Annotations
Note
This document was written in November 2024 assuming
Python 3.10+
Pydantic V2 (not the V1 API backdoor)
Mypy 1.10+ or similarly-functional Python type-checker
Interchange 0.4+
Consider a class to store information about atoms. It needs to store an atomic mass, a partial charge, and a position in 3-D space. The following class would work fine:
class Atom:
mass: float
charge: float
position: list
but this has some shortcomings:
What units are assumed for each attribute?
What if the position is a
numpy.ndarray
(oropenmm.Vec3
)?Can instances of this class be serialized to disk? And then de-serialized?
Are any fields optional?
OpenFF’s combined use of Pint and Pydantic solves these problems. To leverage these tools,
Classes should subclass out of
openff.interchange.pydantic._BaseModel
, which is a thin wrapper aroundpydantic.BaseModel
Annotations should use the
openff.interchange._annotations._*Quantity
types, which are thin wrappers aroundopenff.units.Quantity
, itself having the same behavior aspint.Quantity
, or annotations derived thereof.
The same class can be rewritten:
from openff.interchange.pydantic import _BaseModel
from openff.interchange._annotations import _Quantity
from openff.units import Quantity
class Atom(_BaseModel):
mass: _Quantity
charge: _Quantity
position: _Quantity | None = None
carbon = Atom(
mass=_Quantity("12.011 amu"),
charge=_Quantity("-0.1 elementary_charge"),
position=_Quantity([0, 0, 0], "nanometer"),
)
print(carbon.model_dump())
# {'mass': {'val': 12.011, 'unit': 'unified_atomic_mass_unit'}, 'charge': {'val': -0.1, 'unit': 'elementary_charge'}, 'position': {'val': [0, 0, 0], 'unit': 'nanometer'}}
print(carbon.model_dump_json())
# {"mass":{"val":12.011,"unit":"unified_atomic_mass_unit"},"charge":{"val":-0.1,"unit":"elementary_charge"},"position":{"val":[0,0,0],"unit":"nanometer"}}
print(Atom.model_validate_json(carbon.model_dump_json()))
# Atom(mass=<Quantity(12.011, 'unified_atomic_mass_unit')>, charge=<Quantity(-0.1, 'elementary_charge')>, position=<Quantity([0 0 0], 'nanometer')>)
This is an improvement, but units are still implicit. These annotations can be more specific, optionally defining the dimensionality or the specific unit.
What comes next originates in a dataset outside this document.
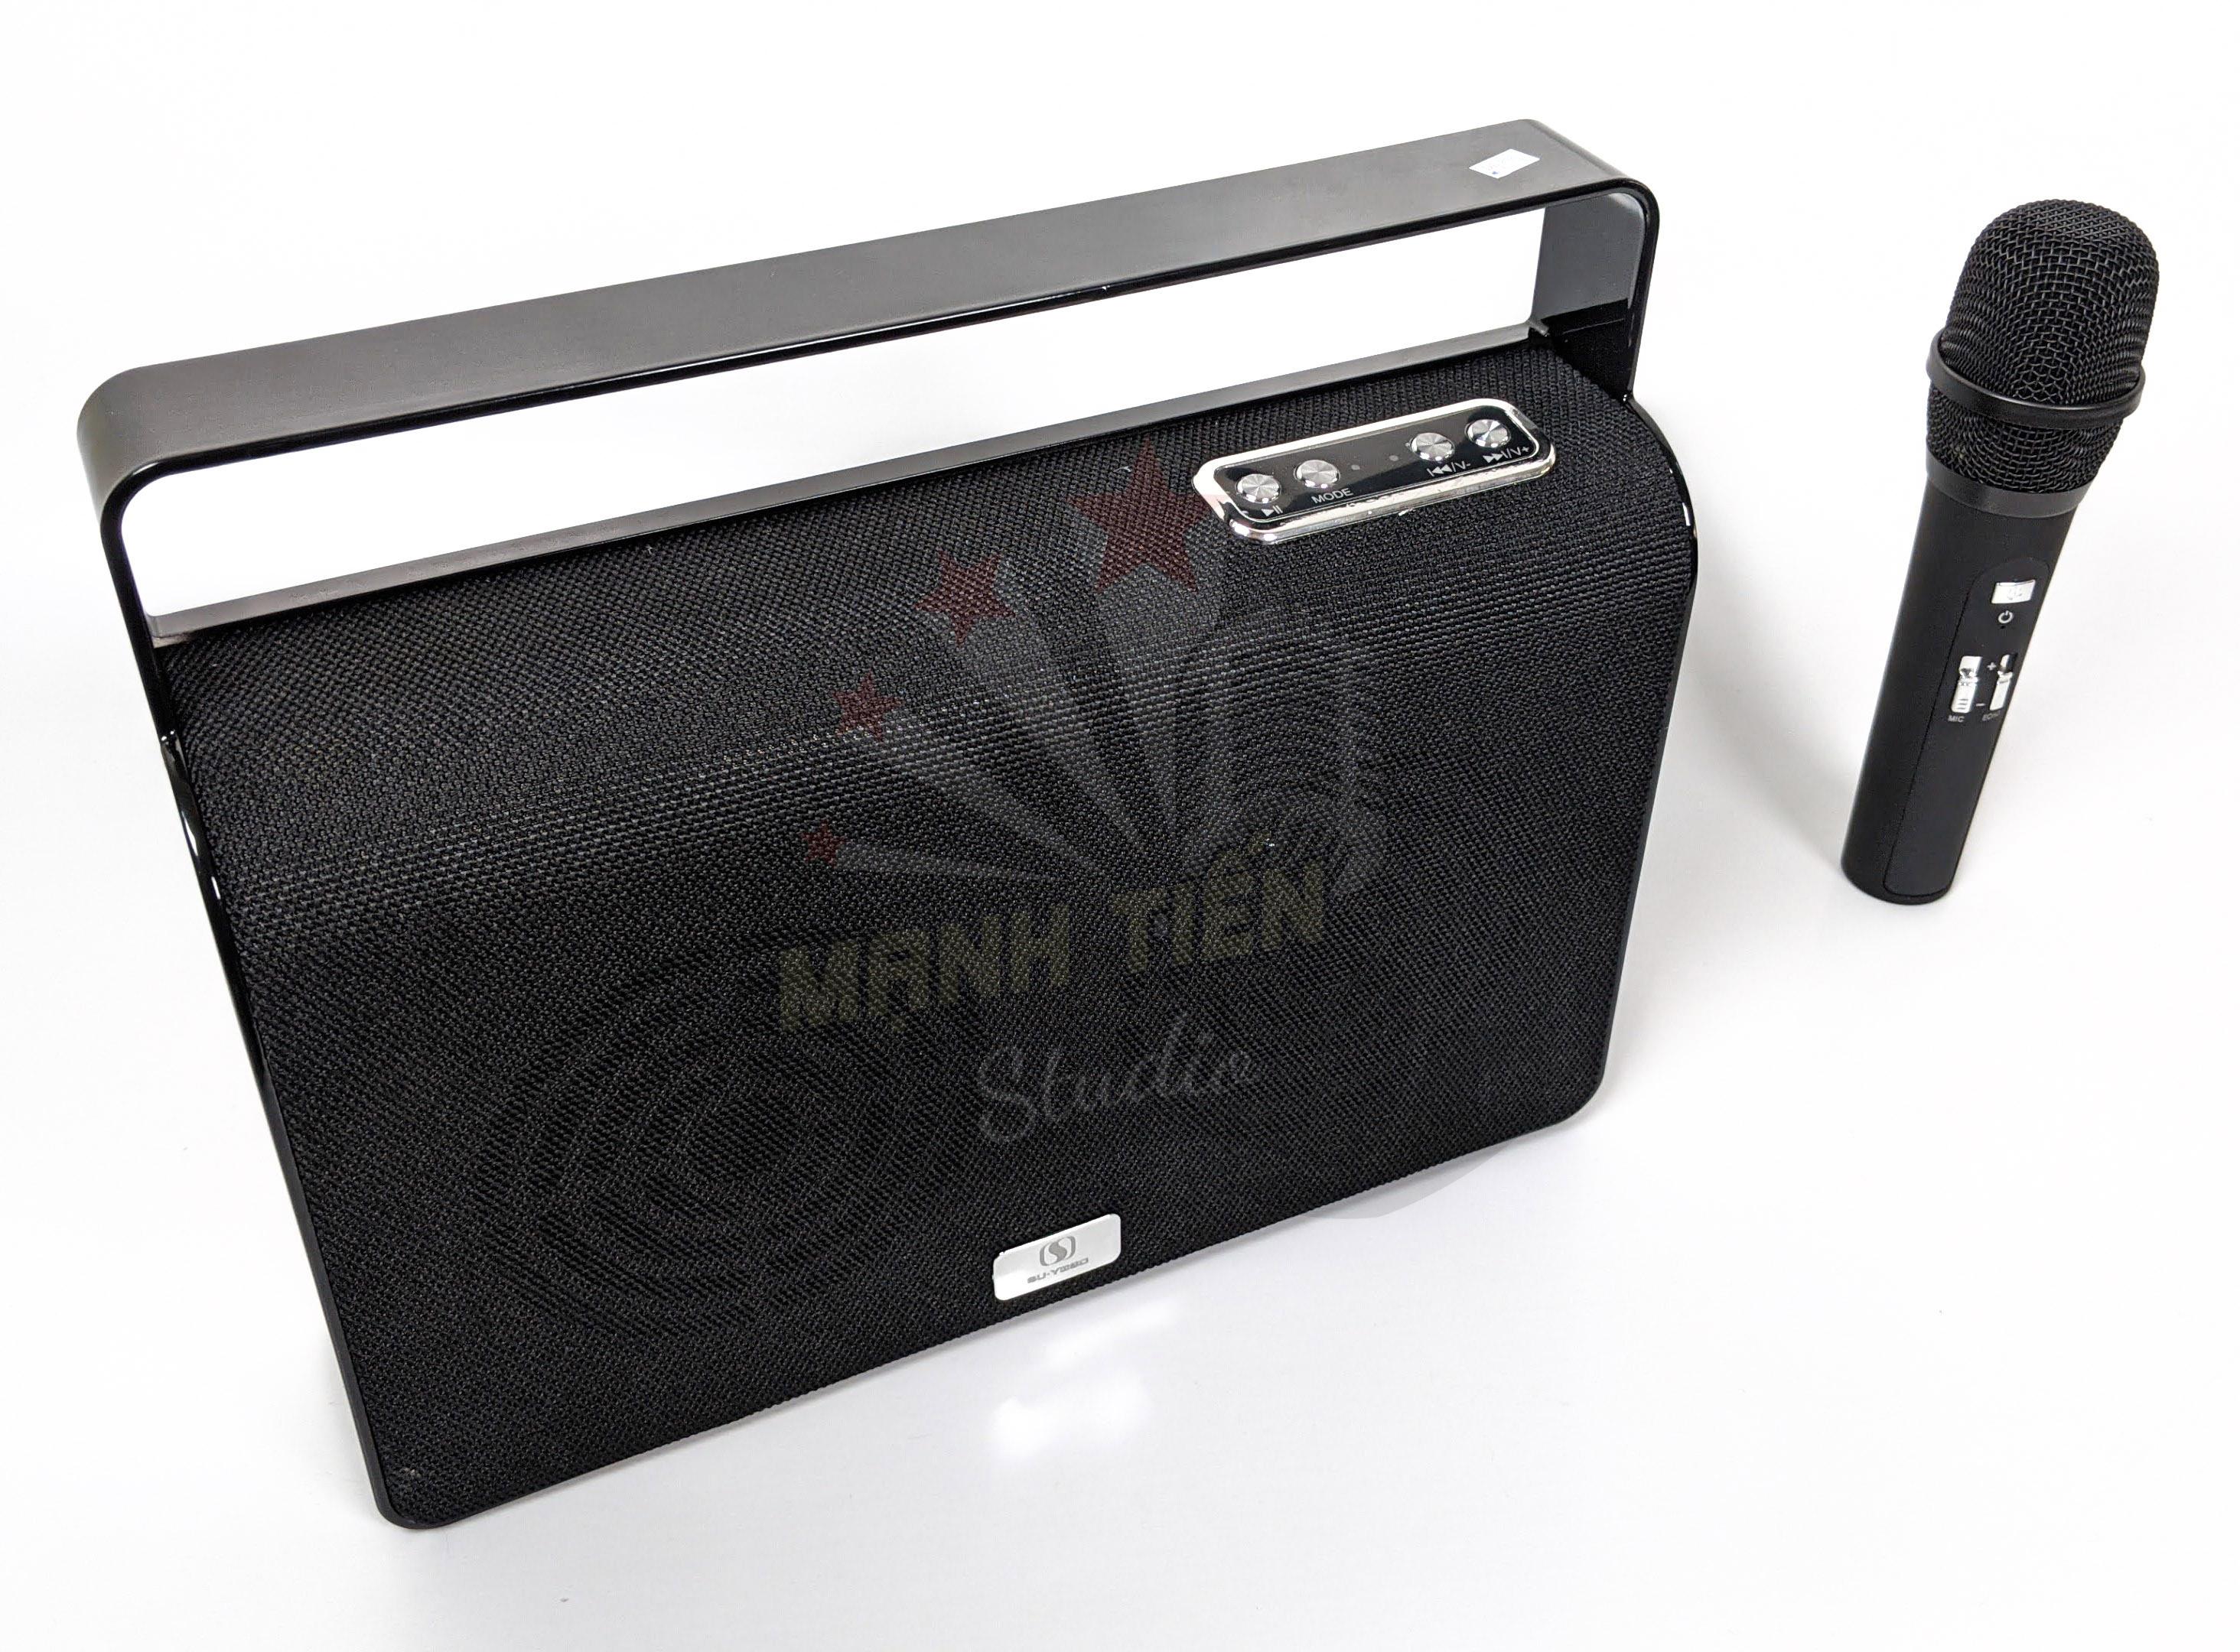 Loa karaoke bluetooth A36 - Loa xách tay thời trang độc lạ - Tặng kèm 1 micro không dây - nghe nhạc, karaoke cực chất - Giao màu ngẫu nhiên
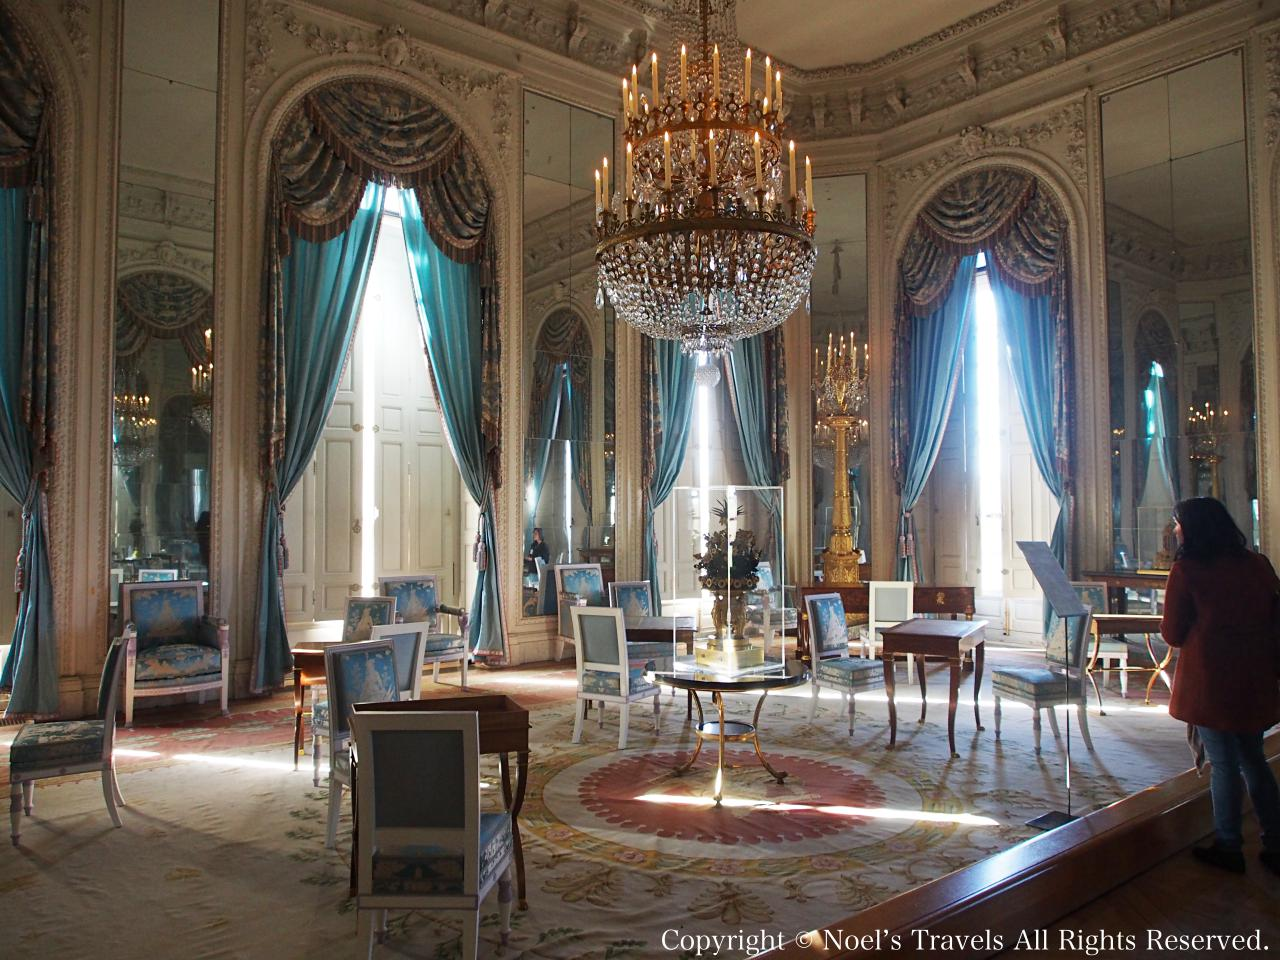 ヴェルサイユ宮殿の大トリアノン

The _annotations
module defines a few of these out of the box for convenience, but more can be defined by the user using the typing.Annotated
pattern in the source code.
from openff.interchange._annotations import (
_ElementaryChargeQuantity,
_DistanceQuantity,
_MassQuantity,
)
class Atom(_BaseModel):
mass: _MassQuantity
charge: _ElementaryChargeQuantity
position: _DistanceQuantity | None = None
With the use of _DistanceQuantity
, there is a dimensionality check during validation that prevents incompatible units from being passed (compatible units will checked, but not converted):
try:
carbon = Atom(
mass=Quantity("12.011 amu"),
charge=Quantity("-0.1 elementary_charge"),
position=Quantity([1, 2, 3], "kJ/mol"),
)
except ValidationError as error:
print(str(error))
# 1 validation error for Atom
# position
# Value error, Dimensionality of quantity=<Quantity([1 2 3], 'kilojoule / mole')> is not compatible with unit='nanometer' [type=value_error, input_value=<Quantity([1 2 3], 'kilojoule / mole')>, input_type=Quantity]
# For further information visit https://errors.pydantic.dev/2.9/v/value_error
The charge field was defined with an annotation that specifies not only dimensionality, but the specific unit. In this case, inputs are validated and converted to the specified units:
print(
Atom(
mass=Quantity(12.011, "amu"),
charge=Quantity("-0.1 / 6.241509074460763e+18 coulomb"),
).charge
)
# -0.10000000000000002 elementary_charge
This can be useful if i.e. it is important that positions are universally stored with Angstroms and not nanometers.
Note that this Annotated
trick is specifically used by Pydantic classes, and will cause an error at runtime when violated - static type checkers like MyPy and PyRight will not be able to validate that units and dimensionality are correct.